Orac is the nom de blog of a humble surgeon/scientist who has an ego just big enough to delude himself that someone, somewhere might actually give a rodent's posterior about his copious verbal meanderings, but just barely small enough to admit to himself that few probably will. That surgeon is otherwise known as David Gorski.

That this particular surgeon has chosen his nom de blog based on a rather cranky and arrogant computer shaped like a clear box of blinking lights that he originally encountered when he became a fan of a 35 year old British SF television show whose special effects were renowned for their BBC/Doctor Who-style low budget look, but whose stories nonetheless resulted in some of the best, most innovative science fiction ever televised, should tell you nearly all that you need to know about Orac. (That, and the length of the preceding sentence.)

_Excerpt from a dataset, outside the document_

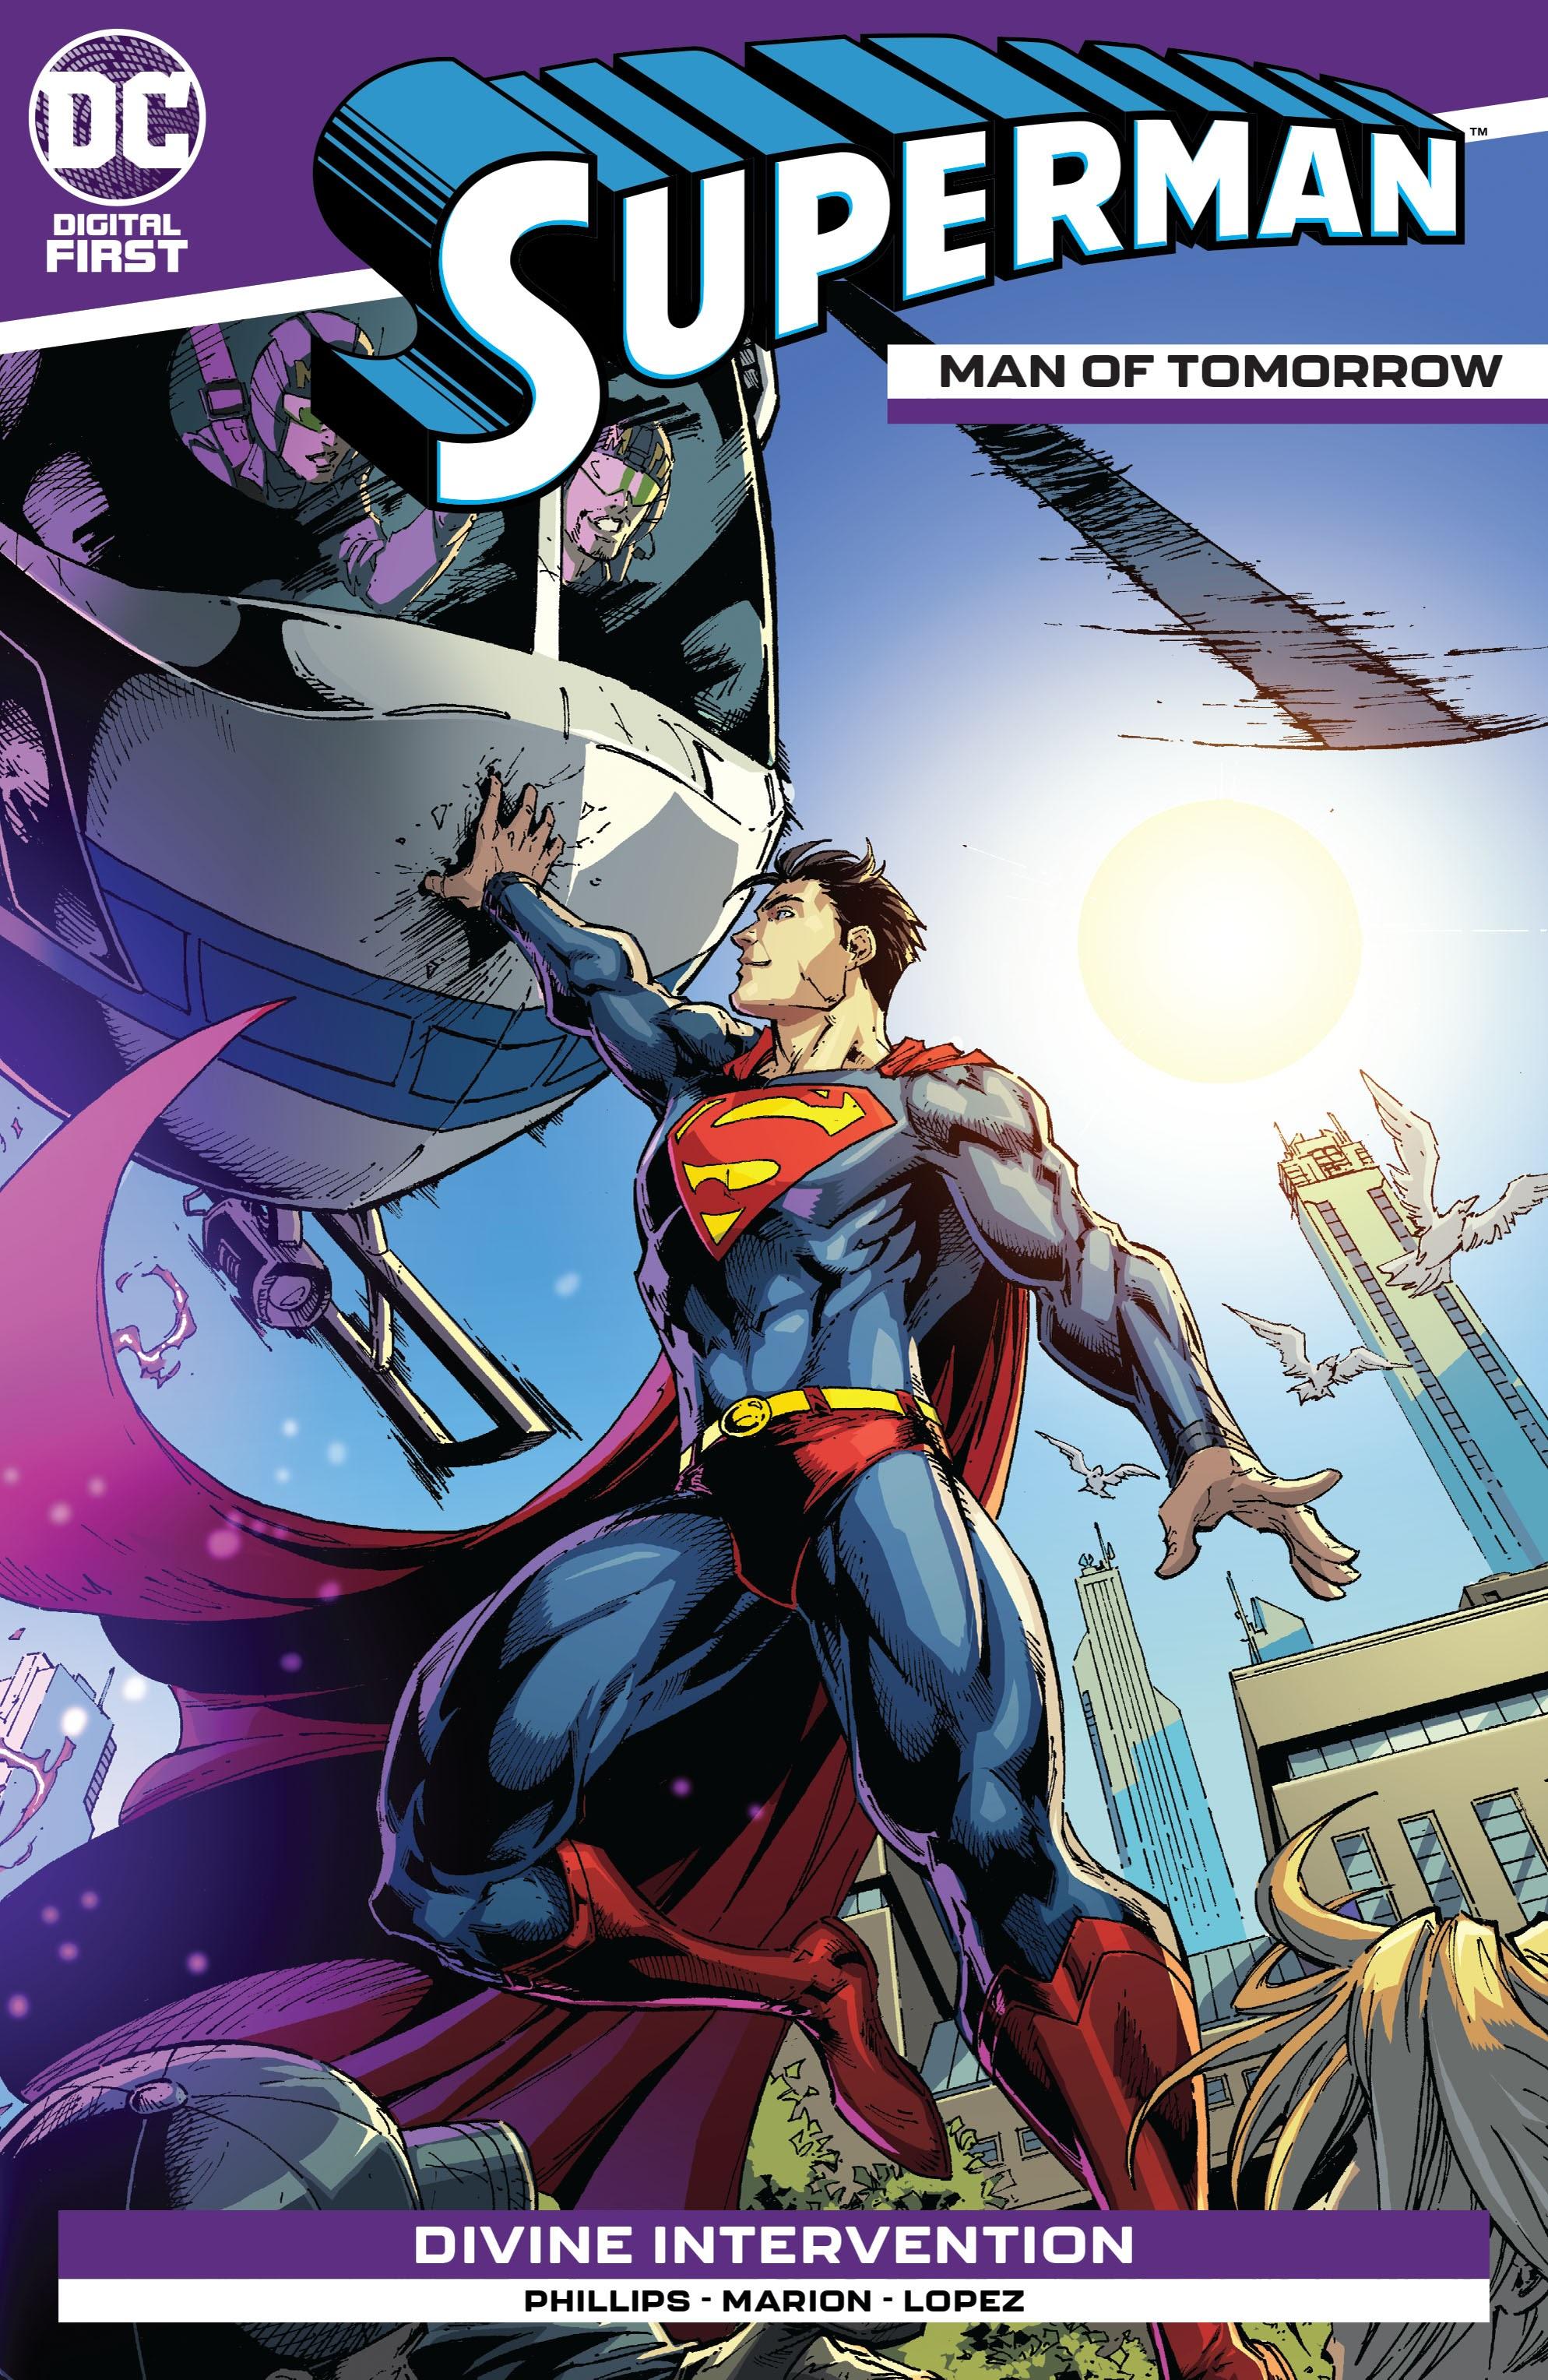 Superman: Man of Tomorrow Vol 1 17 (Digital)

DISCLAIMER:: The various written meanderings here are the opinions of Orac and Orac alone, written on his own time. They should never be construed as representing the opinions of any other person or entity, especially Orac's cancer center, department of surgery, medical school, or university. Also note that Orac is nonpartisan; he is more than willing to criticize the statements of anyone, regardless of of political leanings, if that anyone advocates pseudoscience or quackery. Finally, medical commentary is not to be construed in any way as medical advice.

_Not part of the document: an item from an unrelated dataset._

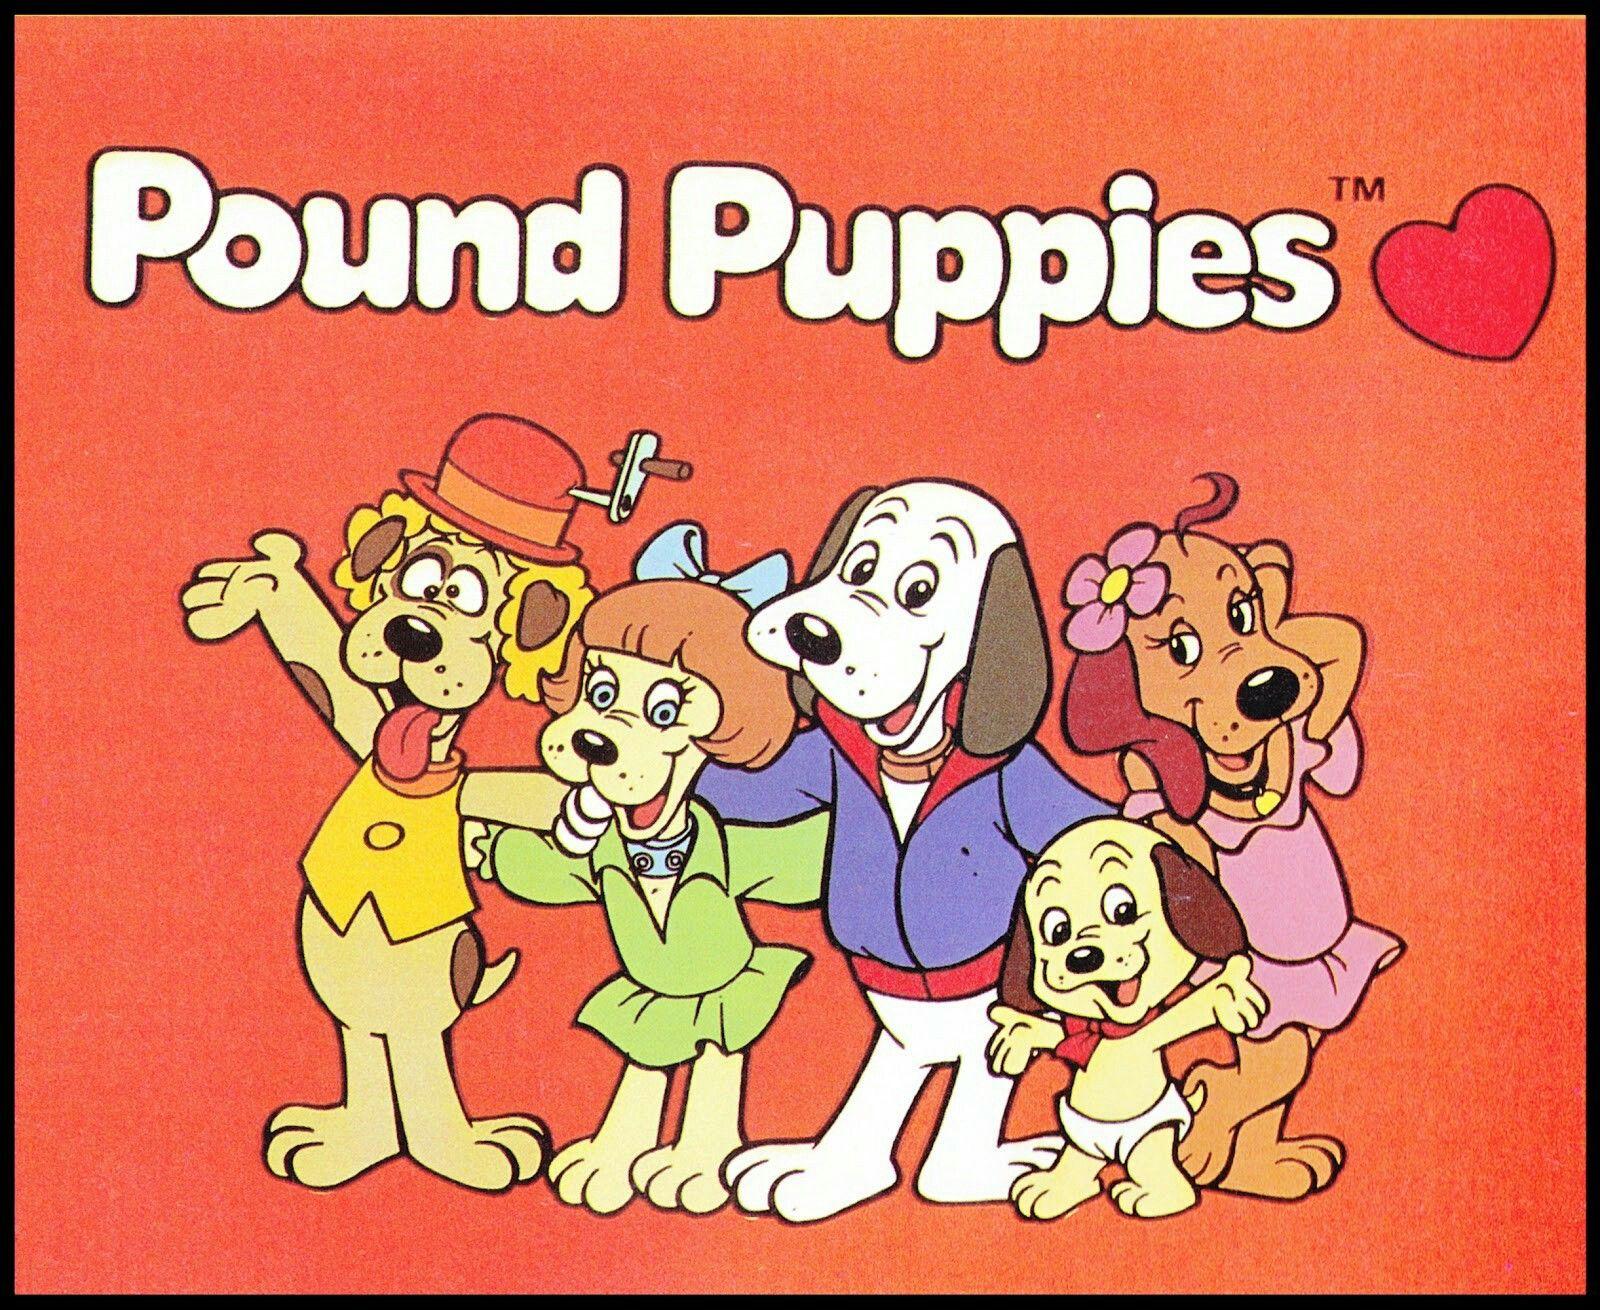 Pound puppies 80 s cartoons Pinterest

To contact Orac: [email protected]

56 replies on “Archaeology in the communal refrigerator”

Finally! Clear, incontrovertible evidence that both strawberries and cream were still used in Slim-Fast after 2002. Take that, strawberries and cream injury deniers!

Taking Todd’s idea to it’s illogical conclusion, I’d contact the Slimfast company and insist on a refund. Or at least a replacement coupon!

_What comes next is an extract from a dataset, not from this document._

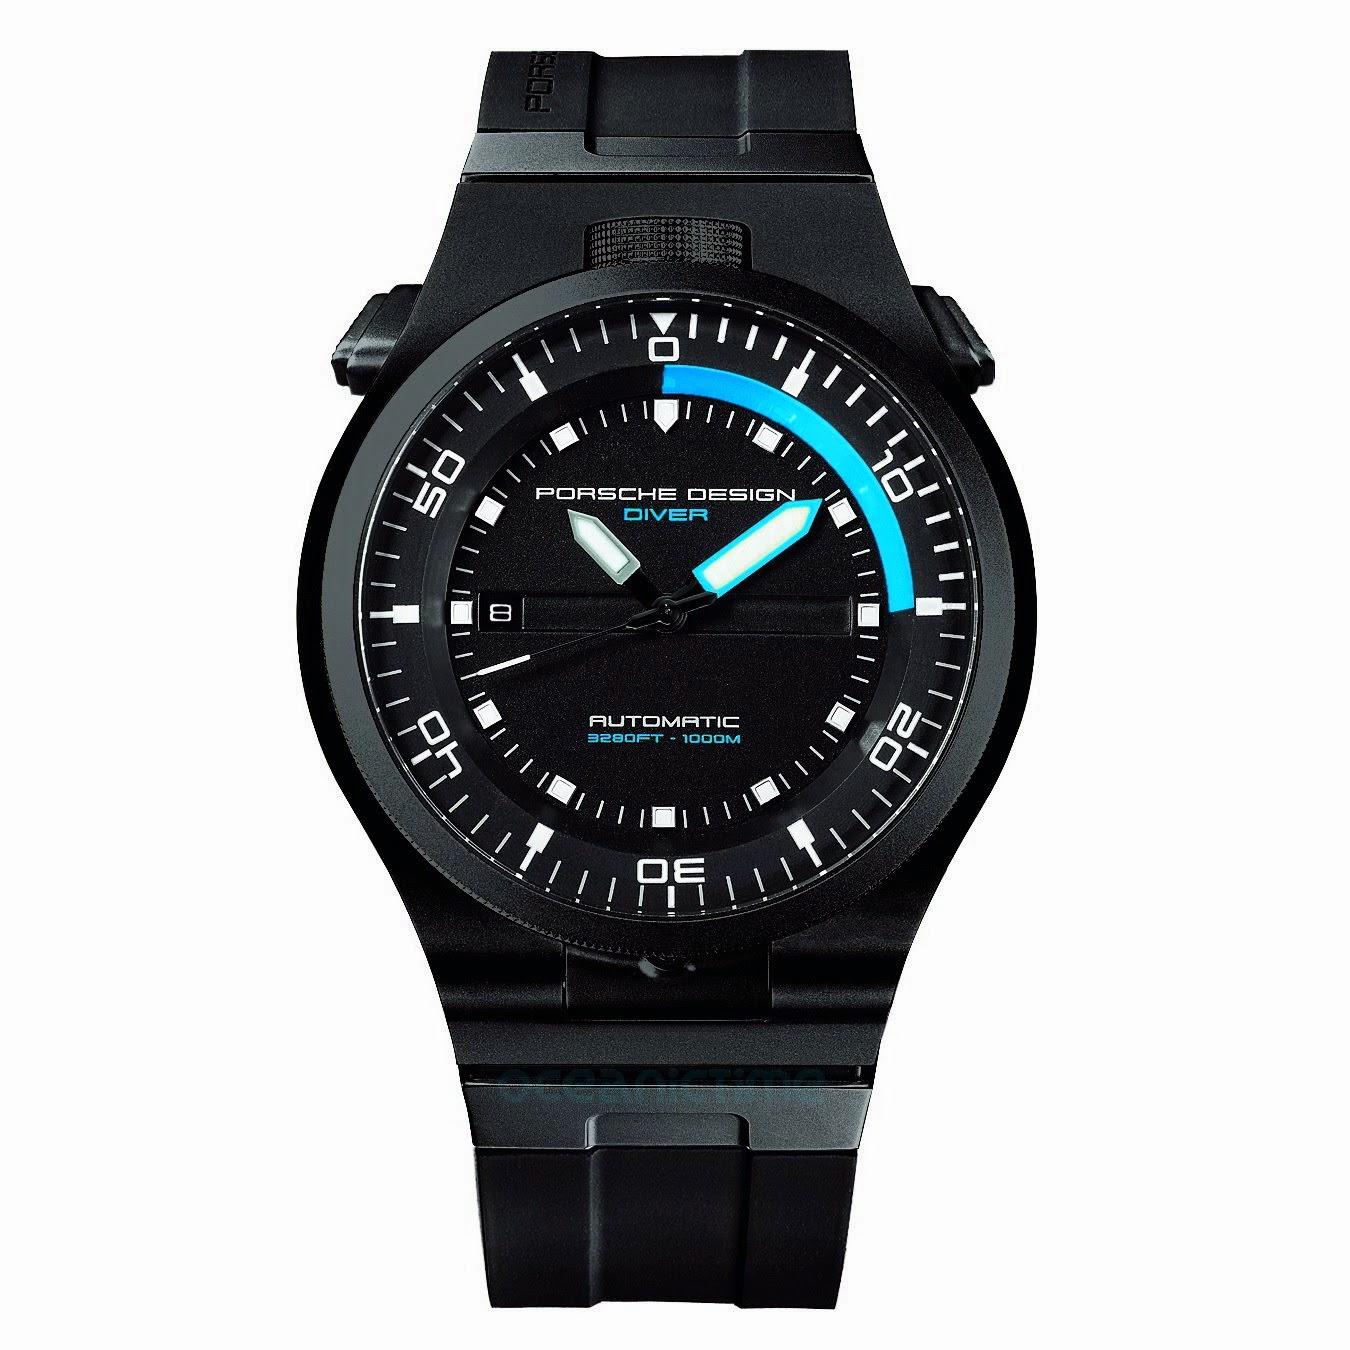 swiss design watches the p 6780 diver watch from porsche. Black Bedroom Furniture Sets. Home Design Ideas

We just had our small common fridge defrosted. It is one of the smaller, non frost-free varieties. This, aside from the periodic annoyance of frost has the benefit of having someone, not likely to care about hurting a forgetful owner’s feelings, clean it out. Orac’s old can holds nothing to the furry tupperware contents unearthed during this last defrosting. No pictures, sorry.

Do you think it’s someone else’s job to occasionally clean out the fridge? Surely you know enough about human nature to not expect that everyone will always remove their unwanted items and clean up even their tiniest spills.

(Sorry, your post brought out the Mom in me.)

The question is: Has this refrigerator not been cleaned out since 2004? Or has it been periodically cleaned out, with the person doing the cleaning neatly replacing the expired and increasingly ancient can of Slim-Fast right back where it was found?

For archeology questions, try asking Teh SciBorg’s own Dr Martin Rundkvist…

My vote is the refrigerator is actually an abandoned White Hole portal (connected to a Wormhole) from which various debris and junk from around the universe occasionally appears. That can may not be from this Earth, or was effectively teleported into the future, or…

Todd W., you win a cookie for that one.

(Please make sure your browser accepts cookies.)

Possibility 3,

Orac had this in the refrigerator of his old institution and no one ever noticed so he brought it with him to his new institution where people are slightly more observant.

When my fiance and I moved into our apartment (about 4 months ago), her father gave us a bunch of canned and boxed food to help us limit our spending (and to help clear out his own kitchen cabinets). About a week later, when we started to finish off the food we had, and started to dig into the store he gave us, we found that on average the food was about 4-6 years expired. The earliest I saw was a can expired in 2002, and the latest was a box which expired only a few months ago.

And I still haven’t had the opportunity to ask him why he would even bother to give us expired food.

Ah, yes. The refrigerators are one thing I decidedly do not miss about academia. I bet my department at MIT still has the premillenial pizza in the freezer.

Hmm, sounds like a false dichotomy there, Orac. There are many other possible explanations for this. For example it is entirely possible that the Slimfast can was purchased at the grocery store last week, and the purchaser simply did not check the expiry date.

Is says “beat if used by”. Does this mean “inedible” ?

Jake, want a taste and let us know??


I highly advise you never to step foot into an ambulance station and open the fridge. The resulting items you find would be right at home in a Biosafety Level 2 environment.

Once, I noticed our coffee pot in our dispatch center still had coffee in it, from what I thought was the night before, when I opened it to pour it out, I saw more like a petree dish. Apparantly bacteria like coffee as a growth medium, and this thing was teeming with them.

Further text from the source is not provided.